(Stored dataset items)
+ + + + + + +
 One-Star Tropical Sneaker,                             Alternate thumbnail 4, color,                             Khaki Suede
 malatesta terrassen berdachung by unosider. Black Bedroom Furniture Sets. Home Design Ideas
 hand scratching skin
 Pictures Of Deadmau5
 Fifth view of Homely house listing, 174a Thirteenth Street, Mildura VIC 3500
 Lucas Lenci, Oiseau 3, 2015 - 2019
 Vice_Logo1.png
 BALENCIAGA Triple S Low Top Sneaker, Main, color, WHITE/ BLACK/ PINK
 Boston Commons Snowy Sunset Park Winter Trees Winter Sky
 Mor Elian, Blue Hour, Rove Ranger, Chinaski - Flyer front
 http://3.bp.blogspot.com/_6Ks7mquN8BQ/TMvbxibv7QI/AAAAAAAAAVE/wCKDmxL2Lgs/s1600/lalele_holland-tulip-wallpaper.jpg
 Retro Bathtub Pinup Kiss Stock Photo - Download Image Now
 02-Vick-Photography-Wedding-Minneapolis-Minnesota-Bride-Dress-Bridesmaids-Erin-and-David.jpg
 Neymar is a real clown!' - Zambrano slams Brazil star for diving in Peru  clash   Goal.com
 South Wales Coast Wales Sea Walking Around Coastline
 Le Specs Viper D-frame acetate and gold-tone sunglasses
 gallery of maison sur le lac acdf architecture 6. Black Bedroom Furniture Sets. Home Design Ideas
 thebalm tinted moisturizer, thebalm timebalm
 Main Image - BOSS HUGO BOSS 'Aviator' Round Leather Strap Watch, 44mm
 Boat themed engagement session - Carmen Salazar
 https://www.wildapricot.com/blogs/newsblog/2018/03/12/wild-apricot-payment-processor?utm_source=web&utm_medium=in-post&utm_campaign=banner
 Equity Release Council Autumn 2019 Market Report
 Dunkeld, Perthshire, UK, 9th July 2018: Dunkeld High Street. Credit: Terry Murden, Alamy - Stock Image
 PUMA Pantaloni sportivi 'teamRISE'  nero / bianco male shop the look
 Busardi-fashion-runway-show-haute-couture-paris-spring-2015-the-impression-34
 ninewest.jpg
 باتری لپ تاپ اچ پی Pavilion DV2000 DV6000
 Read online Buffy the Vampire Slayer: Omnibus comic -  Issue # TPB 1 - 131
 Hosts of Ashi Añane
+ + + + + + +
Beginning at the opening line of the data, transcribe each line exactly until you reach the line with "gallery of maison", which you also include, and go no further.

 One-Star Tropical Sneaker,                             Alternate thumbnail 4, color,                             Khaki Suede
 malatesta terrassen berdachung by unosider. Black Bedroom Furniture Sets. Home Design Ideas
 hand scratching skin
 Pictures Of Deadmau5
 Fifth view of Homely house listing, 174a Thirteenth Street, Mildura VIC 3500
 Lucas Lenci, Oiseau 3, 2015 - 2019
 Vice_Logo1.png
 BALENCIAGA Triple S Low Top Sneaker, Main, color, WHITE/ BLACK/ PINK
 Boston Commons Snowy Sunset Park Winter Trees Winter Sky
 Mor Elian, Blue Hour, Rove Ranger, Chinaski - Flyer front
 http://3.bp.blogspot.com/_6Ks7mquN8BQ/TMvbxibv7QI/AAAAAAAAAVE/wCKDmxL2Lgs/s1600/lalele_holland-tulip-wallpaper.jpg
 Retro Bathtub Pinup Kiss Stock Photo - Download Image Now
 02-Vick-Photography-Wedding-Minneapolis-Minnesota-Bride-Dress-Bridesmaids-Erin-and-David.jpg
 Neymar is a real clown!' - Zambrano slams Brazil star for diving in Peru  clash   Goal.com
 South Wales Coast Wales Sea Walking Around Coastline
 Le Specs Viper D-frame acetate and gold-tone sunglasses
 gallery of maison sur le lac acdf architecture 6. Black Bedroom Furniture Sets. Home Design Ideas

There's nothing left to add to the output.